Whenever the string "School" turns up in a line of the data below, copy that line.

╔══

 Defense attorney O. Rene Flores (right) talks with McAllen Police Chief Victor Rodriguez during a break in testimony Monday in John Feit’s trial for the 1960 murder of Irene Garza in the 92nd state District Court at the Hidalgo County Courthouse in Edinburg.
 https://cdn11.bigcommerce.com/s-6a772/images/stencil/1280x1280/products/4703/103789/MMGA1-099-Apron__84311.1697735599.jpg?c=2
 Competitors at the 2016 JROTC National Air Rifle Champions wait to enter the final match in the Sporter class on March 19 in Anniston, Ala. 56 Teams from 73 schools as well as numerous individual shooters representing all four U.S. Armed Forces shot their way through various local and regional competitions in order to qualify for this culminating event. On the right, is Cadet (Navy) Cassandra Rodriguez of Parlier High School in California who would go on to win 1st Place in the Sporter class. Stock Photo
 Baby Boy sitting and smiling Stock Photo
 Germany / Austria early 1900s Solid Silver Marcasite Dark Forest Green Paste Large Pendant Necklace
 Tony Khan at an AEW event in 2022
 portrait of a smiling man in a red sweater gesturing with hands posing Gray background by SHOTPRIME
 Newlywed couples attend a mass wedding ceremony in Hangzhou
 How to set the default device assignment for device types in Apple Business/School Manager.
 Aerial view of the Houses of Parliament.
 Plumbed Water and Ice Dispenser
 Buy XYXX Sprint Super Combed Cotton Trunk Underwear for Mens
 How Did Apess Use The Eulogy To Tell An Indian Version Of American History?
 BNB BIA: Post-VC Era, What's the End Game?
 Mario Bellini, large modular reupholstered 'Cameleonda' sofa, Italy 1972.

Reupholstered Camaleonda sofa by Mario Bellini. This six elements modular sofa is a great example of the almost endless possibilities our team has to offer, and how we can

╚══

Finished task:
 Competitors at the 2016 JROTC National Air Rifle Champions wait to enter the final match in the Sporter class on March 19 in Anniston, Ala. 56 Teams from 73 schools as well as numerous individual shooters representing all four U.S. Armed Forces shot their way through various local and regional competitions in order to qualify for this culminating event. On the right, is Cadet (Navy) Cassandra Rodriguez of Parlier High School in California who would go on to win 1st Place in the Sporter class. Stock Photo
 How to set the default device assignment for device types in Apple Business/School Manager.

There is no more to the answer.